Sprecher rudert zurück

Wenig später aber ruderte Selenskis Sprecher Serhi Nikiforow in Bezug auf die scheinbar eindeutige Aussage des Präsidenten via Facebook zurück: «Ich glaube nicht» sei tatsächlich die Antwort auf die Frage gewesen, ob die Russen Bachmut eingenommen hätten. Der ukrainische Generalstab beharrte in seinem Tagesbericht am Sonntagmorgen darauf, der Kampf um Bachmut «stoppt nicht». Armeesprecherin Anna Maljar zufolge hätten die Ukrainer Bachmut in eine Halbumkreisung genommen und kontrollierten weiter einen Teil der Stadt.

Freilich gibt es mittlerweile faktisch zwei Kämpfe um die früher einmal von 70’000 Menschen bewohnte Stadt in der Ostukraine.

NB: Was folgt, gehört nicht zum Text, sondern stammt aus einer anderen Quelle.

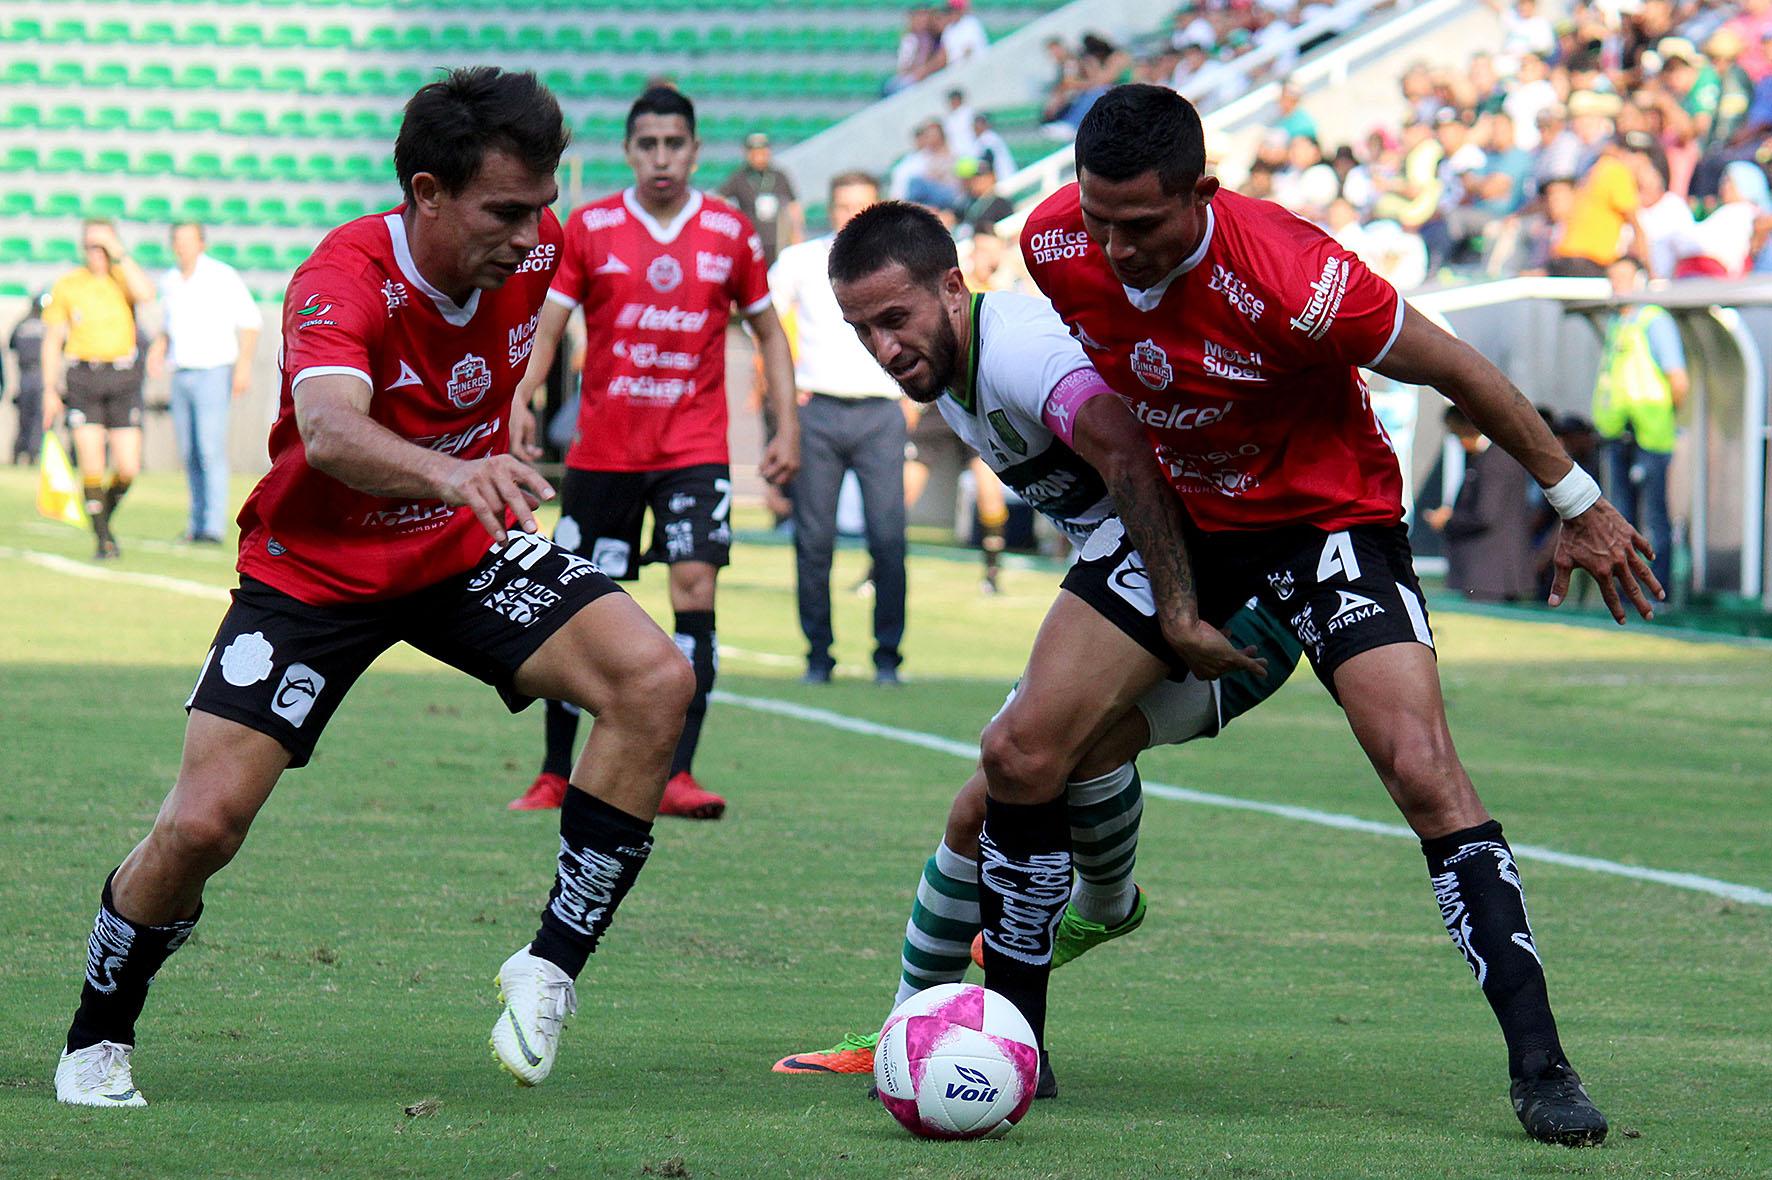 En el partido correspondiente a la Jornada 13 del ASCENSO Bancomer MX, el Atlético Zacatepec estaba obligado a ganar en casa, para mantener las esperanzas de pasar a la fiesta grande, sin embargo, el equipo visitante le sacó el resultado

Der erste ist der um die Stadt selbst – den hatten die Russen in Gestalt der Wagner-Söldnergruppe schon vor Tagen faktisch gewonnen. Geolokalisierte Aufnahmen zeigten schon am 18. Mai, dass Wagner 95 Prozent Bachmuts kontrollierte und ukrainische Einheiten nur noch wenige Strassen und Wohnhäuser am westlichen Stadtrand, wie der «Kyiv Independent» überschlug. Es ist gut möglich, dass Wagner auch diese Strassen nun erobert hat. Kiew hat bei anderen Gelegenheiten – etwa im Januar beim Fall der Stadt Soledar an die Russen – einen Verlust erst mit Verzögerung zugegeben.

Ukrainische Gegenangriffe

Indes ist die militärische Lage im Fall von Bachmut kompliziert. Nördlich, westlich und südwestlich der Stadt haben im Gegenzug ukrainische Einheiten in den vergangenen Tagen nach übereinstimmenden, auch russischen Angaben erfolgreiche Gegenangriffe gestartet und mehrere Dörfer und insgesamt gut 20 Quadratkilometer zurückerobert. Der englischen Militäraufklärung zufolge hat Moskau in den letzten Tagen offenbar hastig mehrere Bataillone zur Verstärkung geschickt.

Ein weiteres Vordringen russischer Kräfte in Richtung der nächsten ukrainischen Städte Konstantinowka und vor allem zu den ukrainischen Hauptstützpunkten im Donbass – Kramatorsk und Slowjansk – scheint deshalb unwahrscheinlich. Freilich stufen ukrainische Fachleute ihrerseits auch die ukrainischen Angriffe lediglich als lokales Vordringen in der Region kämpfender Einheiten ein, nicht als den Beginn einer seit Wochen erwarteten Gegenoffensive, bei der neu aufgestellte, mit westlicher Technik ausgerüstete Brigaden zum Einsatz kommen sollen.

Das Institut für Kriegsstudien (ISW) analysierte, die von Wagner-Chef Jewgeni Prigoschin und danach auch vom russischen Verteidigungsministerium und vom Kreml verkündete vollständige Einnahme Bachmuts sei «rein symbolisch, selbst wenn sie zutrifft». Denn die letzten Häuserblocks, die Russland nun erobert haben will, seien weder taktisch noch strategisch wichtig. Russlands Einheiten hätten kein «operativ bedeutsames Terrain zur Fortführung offensiver Operationen» gewonnen und seien ihrerseits weiter ukrainischen Gegenangriffen ausgesetzt – erst recht vor dem Hintergrund der ukrainischen Gegenangriffe um die Stadt. Das ISW bezweifelt auch, dass Wagner Bachmut tatsächlich nun der regulären russischen Armee übergeben und sich geordnet zurückziehen könne, wie von Prigoschin zum 25. Mai angekündigt.